The article says Australians can learn to be more confident and entrepreneurial like Americans. It highlights that the US advertising market is booming, digital business models (like paywalls) are working, and that belief in growth could help Australian media and the wider economy recover after a period of weakness.

The article notes the US advertising market was set to grow about 3% while the Australian market was down about 1% from the prior year. That contrast is used to explain stronger commercial confidence in the US versus a more cautious advertising environment in Australia.

A paywall is an online barrier that requires readers to pay to access full news content. The article argues paywalls are important because they let media owners convert online readership into subscription revenue and profit, rather than relying solely on advertising.

The article highlights The New York Times as a leading example: it had about 600,000 paying digital subscribers, reader/subscriber revenue overtook advertising income for the first time in 2012, digital revenue was growing around 13%, and the paper posted a profit of US$133 million after a prior loss of US$39.7 million.

According to the article, yes — Australian media owners are expecting better times and the paywall model that worked in the US is presented as a clear way to monetise online audiences. The challenge is converting online readership into reliable revenue and profits.

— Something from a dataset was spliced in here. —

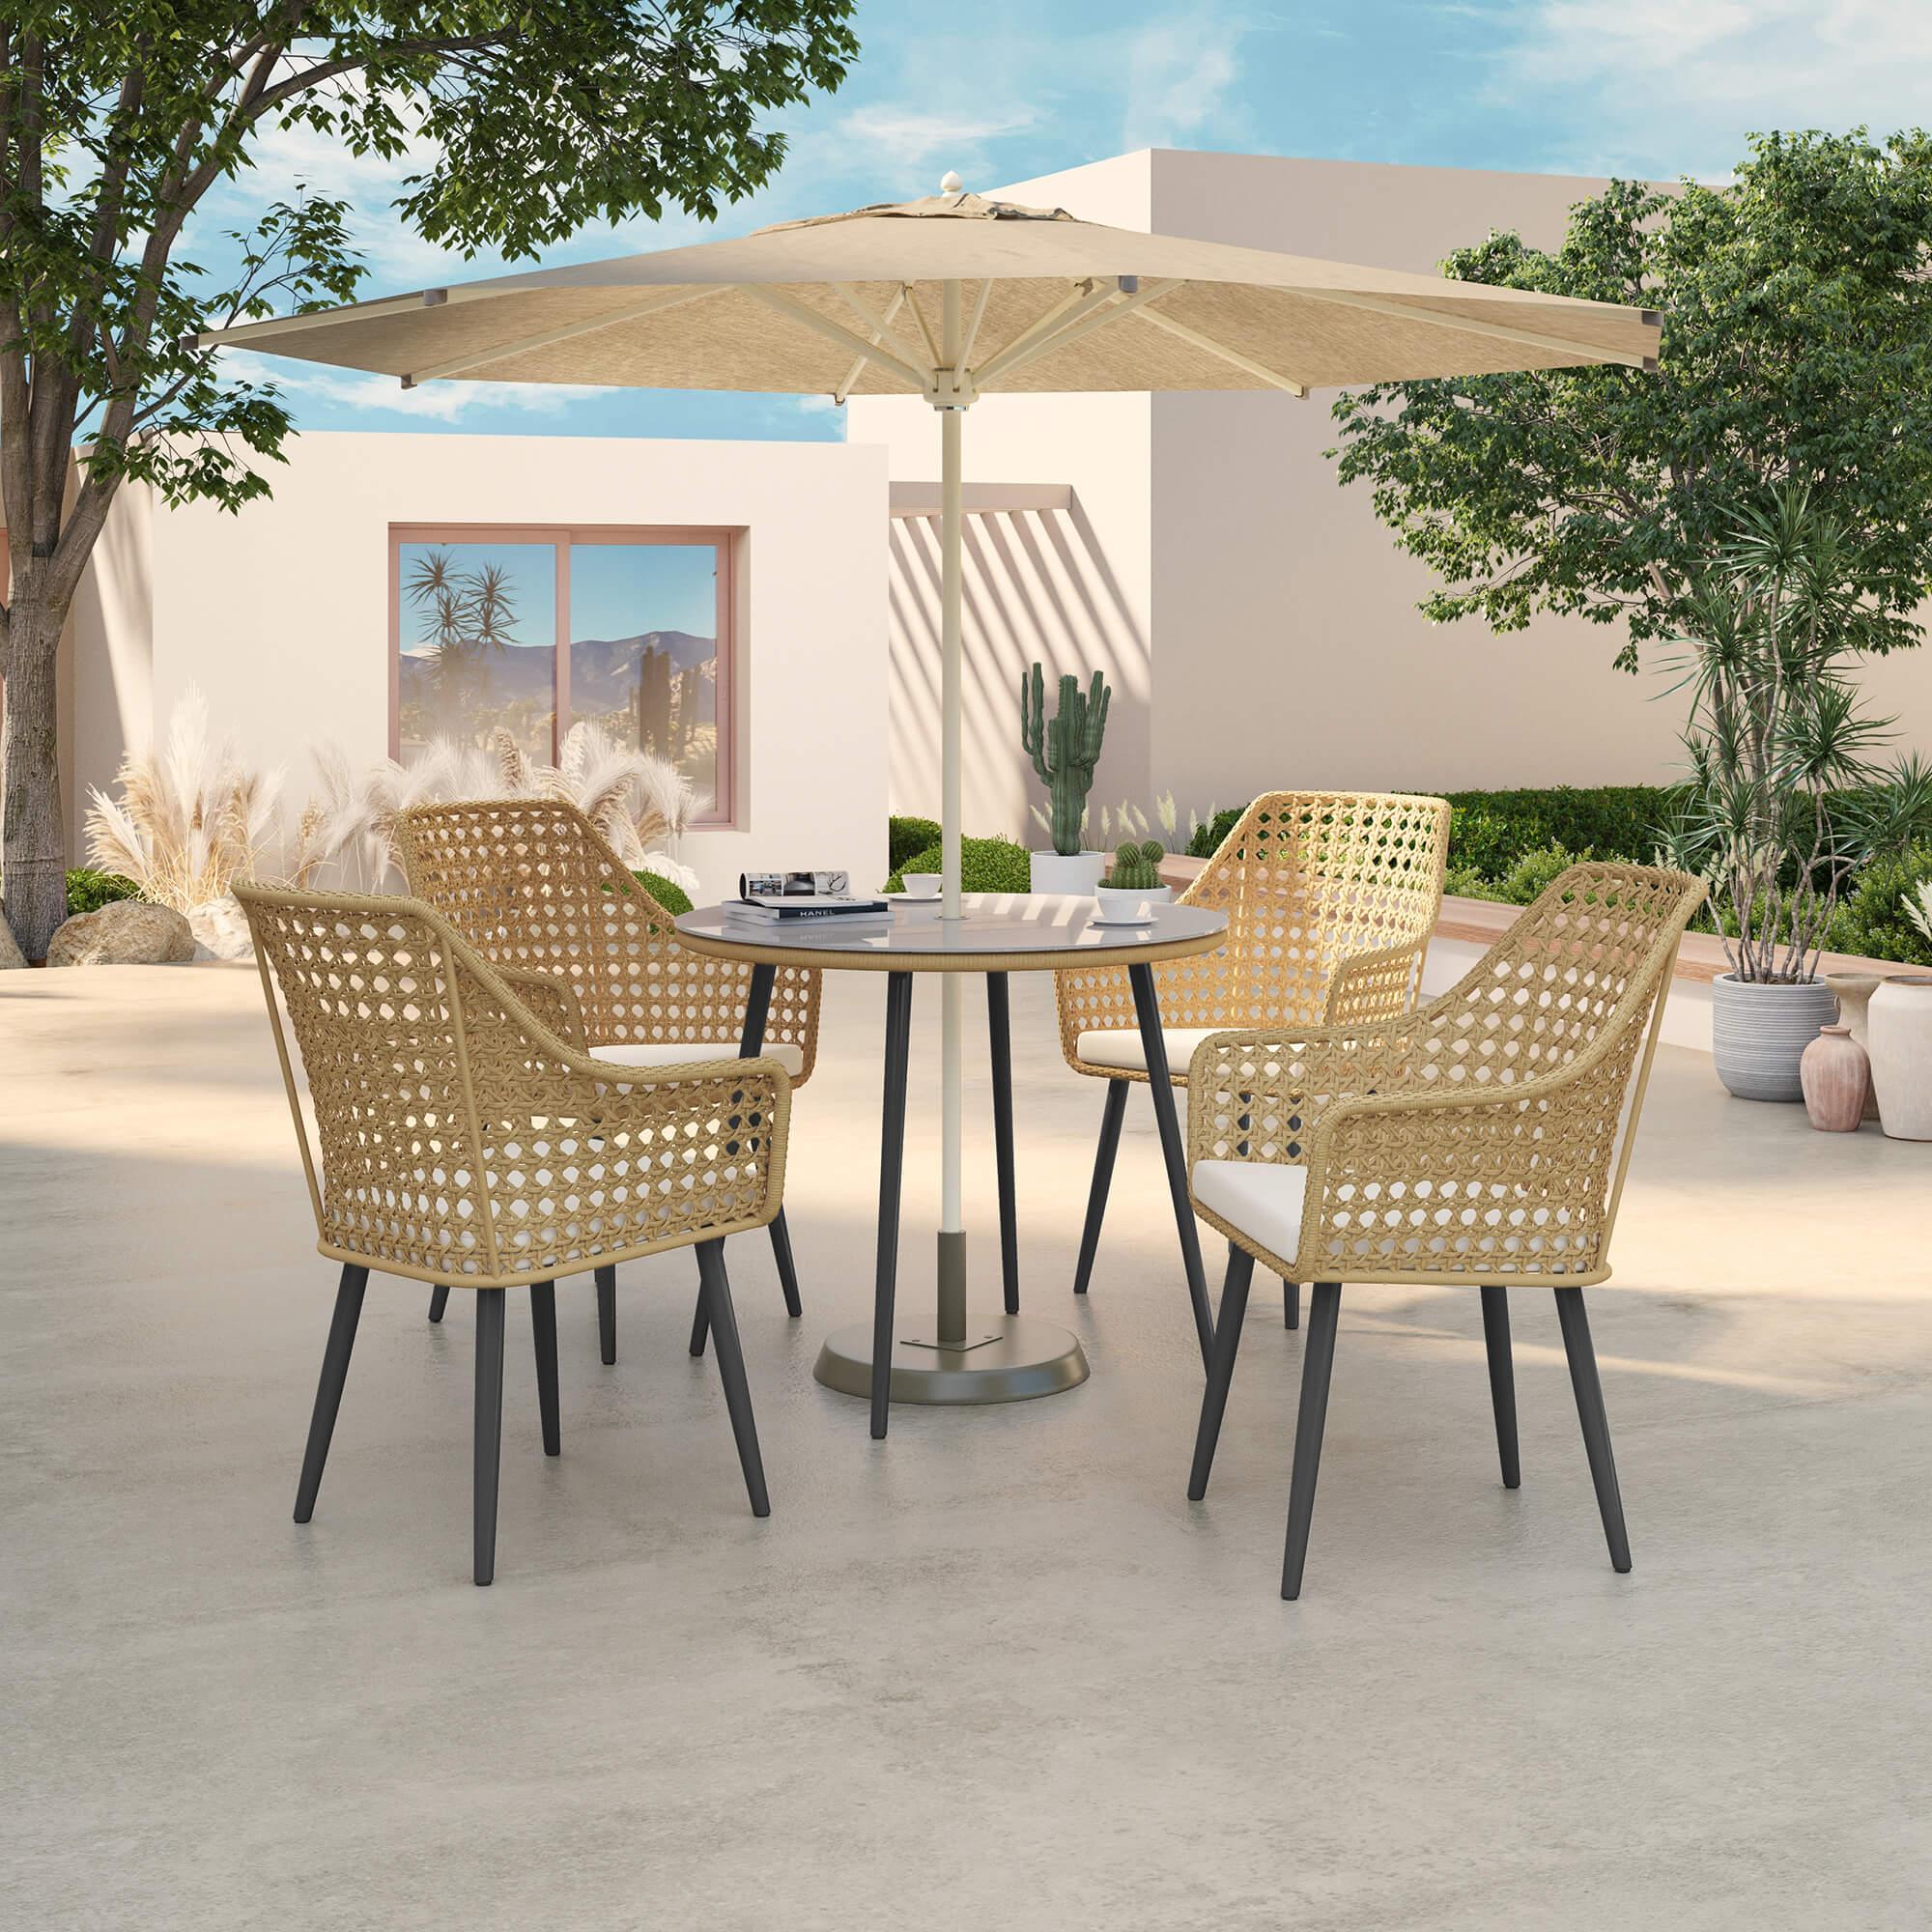 modern round wicker outdoor dining set with umbrella, under the sunshine

The article points out that high distribution costs can hurt print economics — in New York a cited wage deal for truck drivers of about US$180,000 a year raises the cost of getting papers around, which increases overall publishing and delivery expenses. These cost pressures help explain why digital strategies are attractive.

The article suggests that announcing an election—especially by a minority government—undermined confidence and contributed to a weaker advertising market in Australia. That sense of instability made advertisers more cautious, which depressed ad spending.

The article recommends watching indicators such as advertising market trends, growth in digital subscribers, revenue mix (reader revenue vs advertising), management plans for paywalls, and broader consumer or political stability. These signals help show whether media companies are successfully shifting to profitable digital models.